Insilico Medicine and University of Toronto Collaborate to Target "Undruggable" Cancer Genes using AI-Designed Molecules
AI is revolutionizing the field of drug discovery, particularly in targeting "undruggable" cancer genes.
Insilico Medicine, a leader in artificial intelligence (AI)-driven drug discovery, has joined forces with biochemist and molecular geneticist Igor Stagljar at the University of Toronto in an innovative collaboration aimed at tackling the challenge of targeting "undruggable" cancer genes. These genes, including KRAS, which is renowned as the most frequently mutated cancer-causing gene across all cancer types, pose a major obstacle in drug design due to their smooth surfaces that lack binding pockets for small molecule drugs to attach to.
Kyle Tretina, Alliance Manager of AI Platforms at Insilico Medicine, explains the role of AI in drug discovery. Insilico Medicine has been utilizing advanced machine learning techniques, such as deep generative models and reinforcement learning, to leverage the power of AI in handling the vast amount of data associated with drug discovery and development. Since around 2010, AI has increasingly integrated into this field, surpassing human capabilities.
Insilico Medicine has adopted a unique approach that combines the development of AI platforms with its own therapeutic programs. This approach gives the company a competitive edge by utilizing its pipeline to validate its software. Insilico Medicine's Pharma AI suite consists of three platforms: Biology 42, which identifies drug targets; Chemistry 42, which creates effective small molecules; and Medicine 42, which helps with clinical trial design and prediction. This comprehensive approach allows Insilico Medicine to cover the entire drug development process, from target identification to the trial phase.
The selection of a drug target is a crucial step in the process, requiring the integration of large amounts of multi-omics data and text data to understand the molecular changes associated with diseases. Once the target is identified, Insilico employs AI to design small molecules that are then validated through laboratory tests.
The challenge of targeting "undruggable" genes is overcome by AI's ability to envision new molecular structures that traditional methods may not predict. AI accelerates the search for viable drug candidates for targets previously considered "undruggable" due to structural complexities or their involvement in vital biological processes.
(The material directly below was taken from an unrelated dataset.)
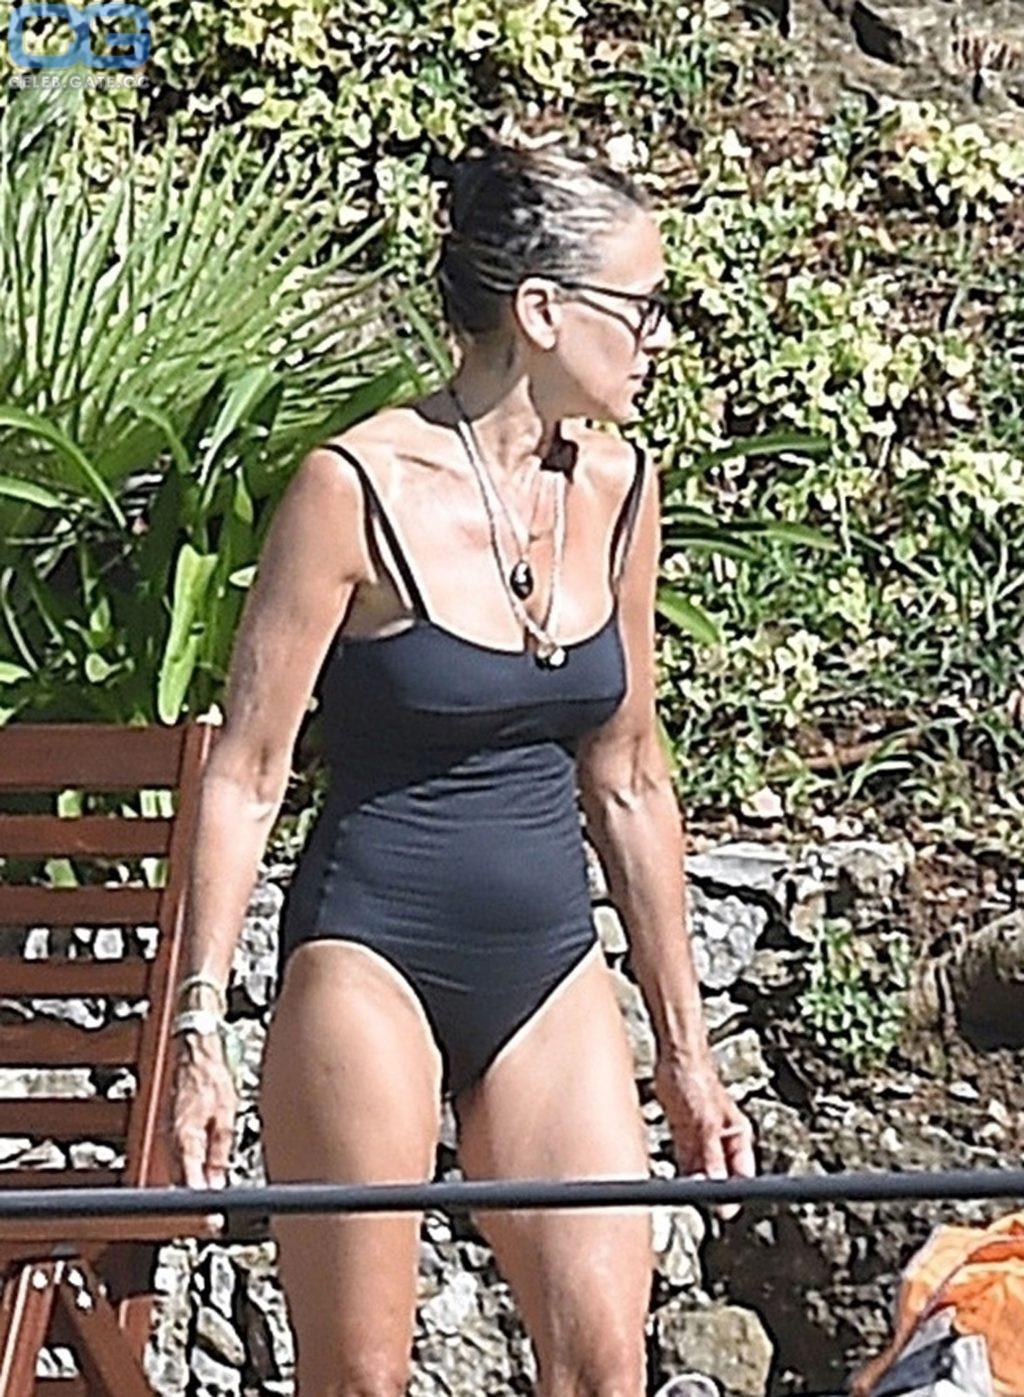 Jessica naked sarah parker 49 hottest
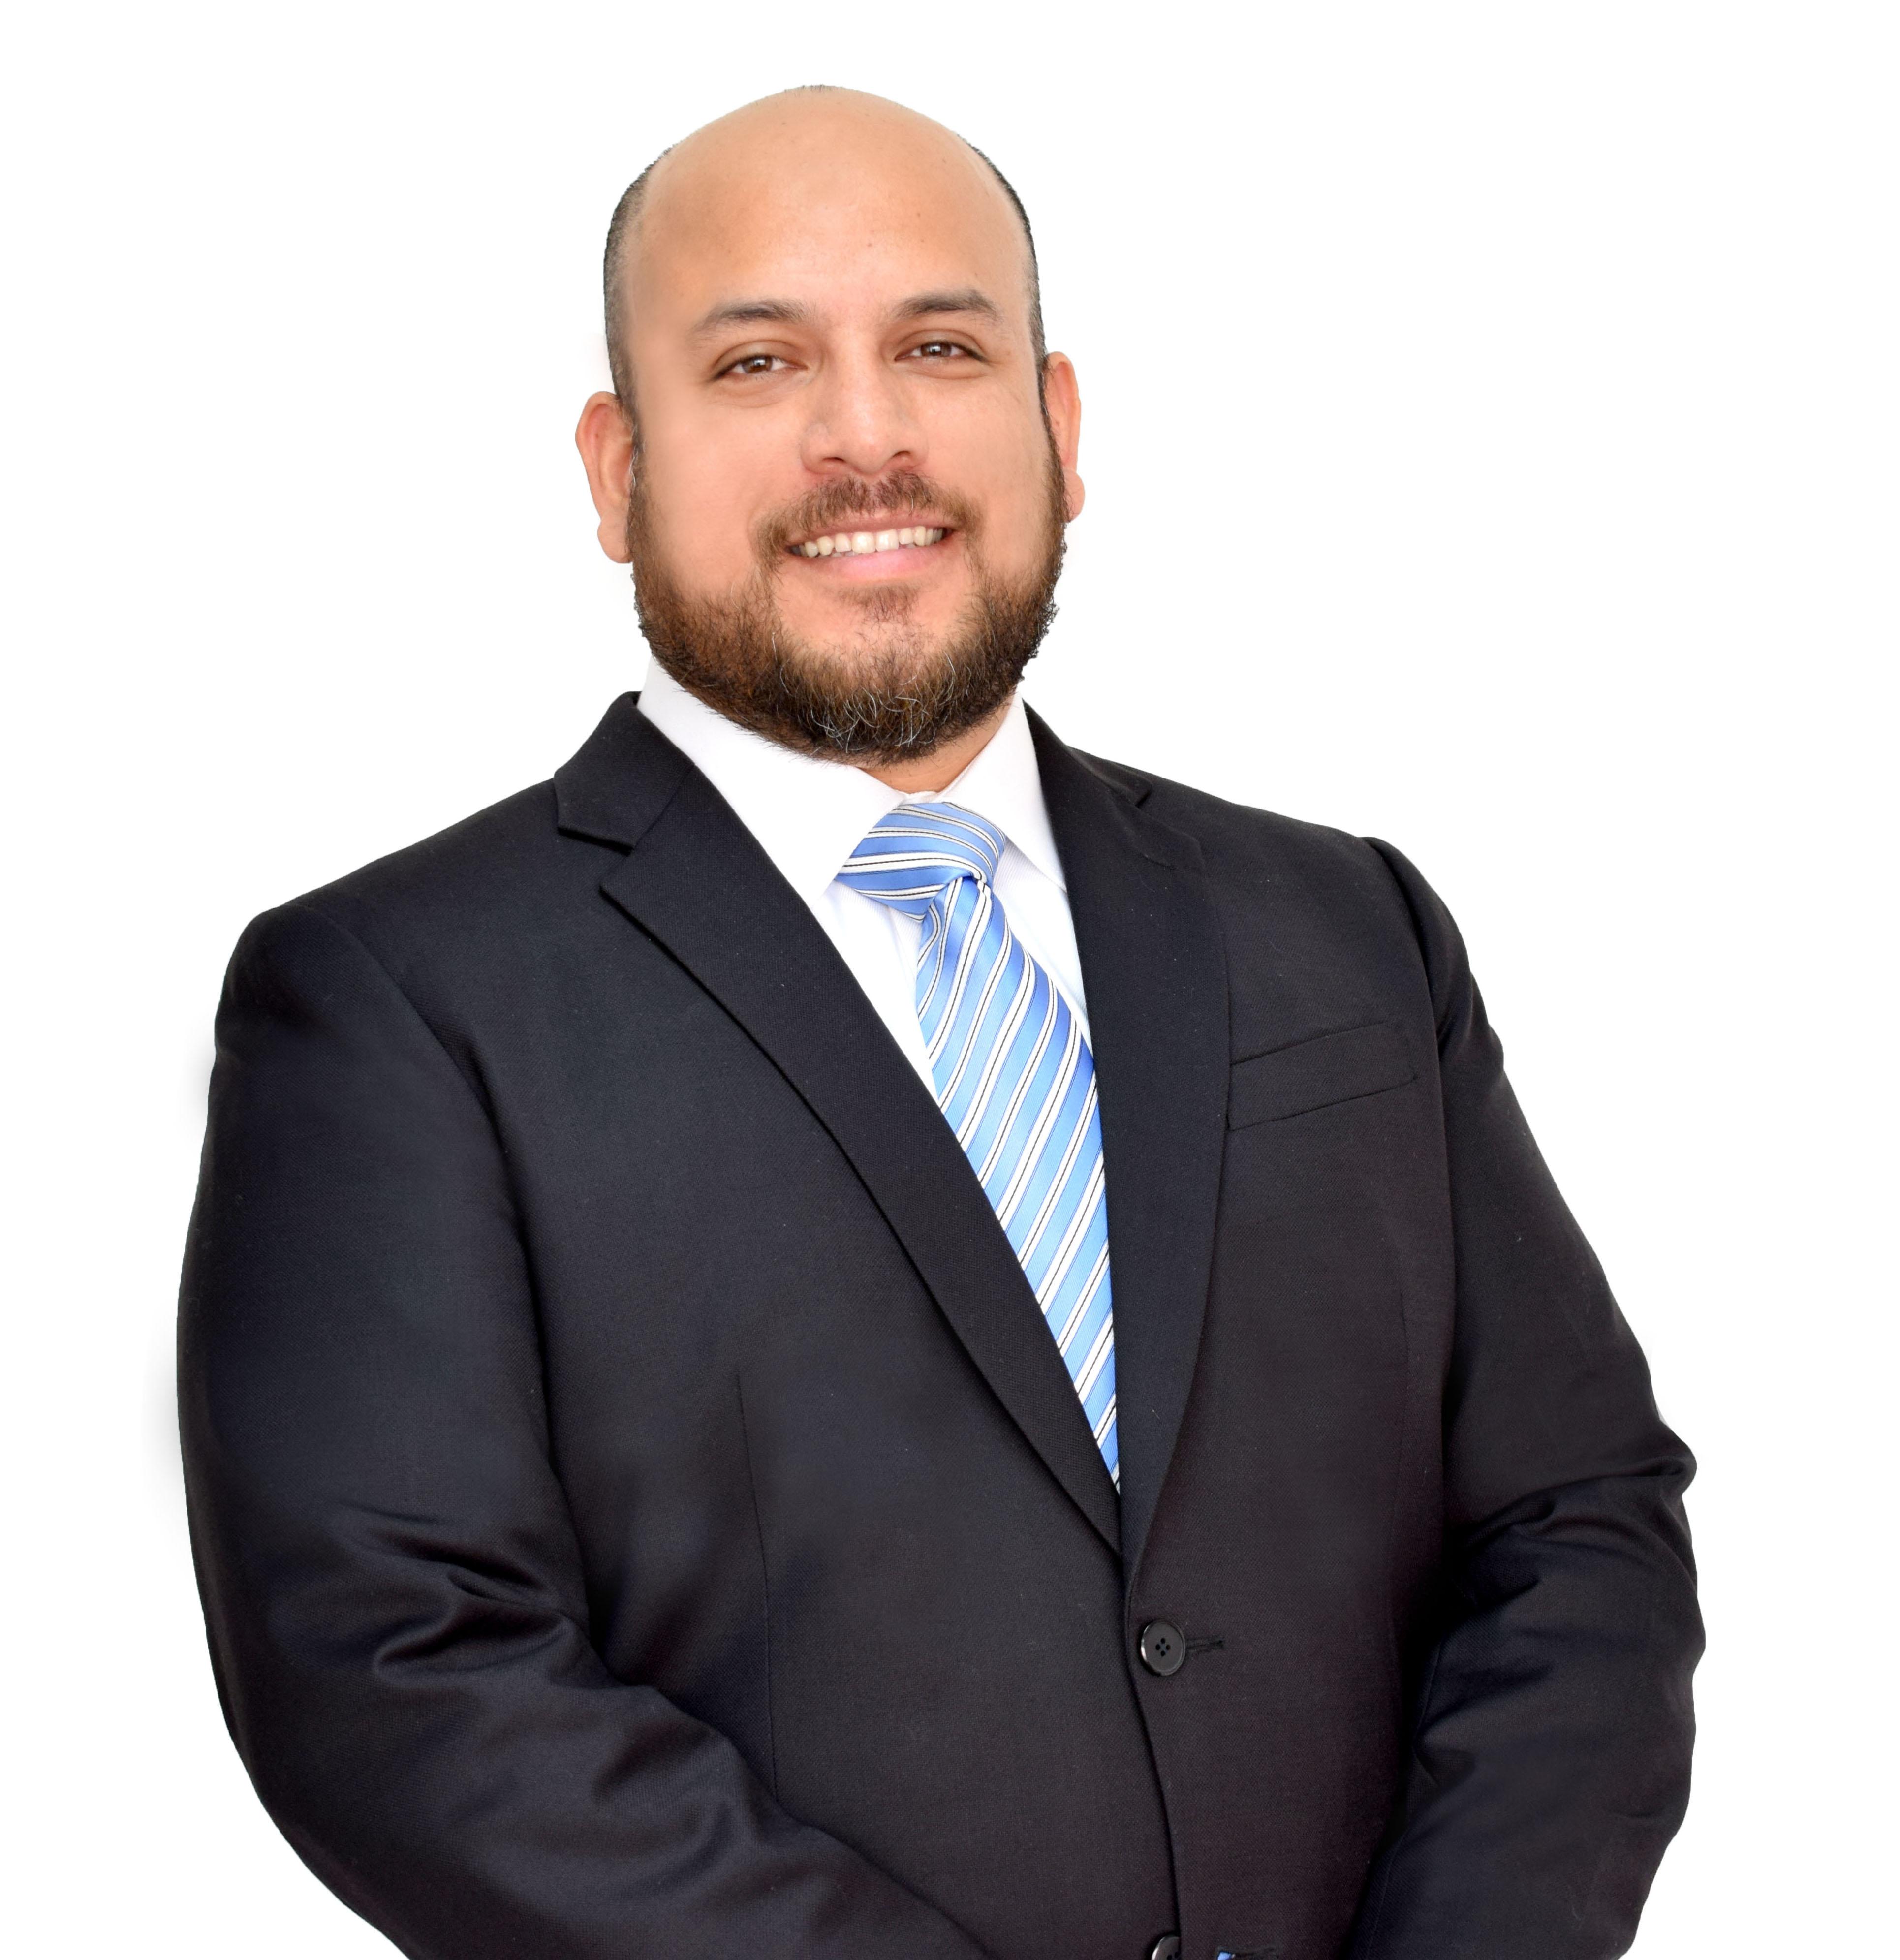 Dr. Gherard Garaycott Ortiz

Despite these advancements, challenges such as target selectivity, disease heterogeneity, and potential physical barriers still exist. However, AI's role in drug discovery is constantly evolving, with the potential to expedite the process and reduce costs, although clinical trial processes and the possibility of failure still loom. The focus on selecting the right targets and optimizing trial processes gives hope for future advancements in the efficiency and success rate of drug discovery.
For those interested in delving into the impact of AI in drug discovery further, numerous resources are available that explore the advancements and leading companies in this transformative approach.
Analyst comment
Positive news: Artificial intelligence (AI) is contributing significantly to drug discovery by targeting “undruggable” cancer targets. A collaboration between Insilico Medicine and Igor Stagljar aims to use AI-designed molecules to target difficult areas including KRAS. AI is outperforming humans in handling vast data associated with drug discovery. Insilico Medicine’s Pharma AI suite covers the entire drug development process. AI’s capacity to imagine new molecular structures is addressing the challenge of undruggability. AI has the potential to make the process faster and more cost-effective, improving efficiency and success rate.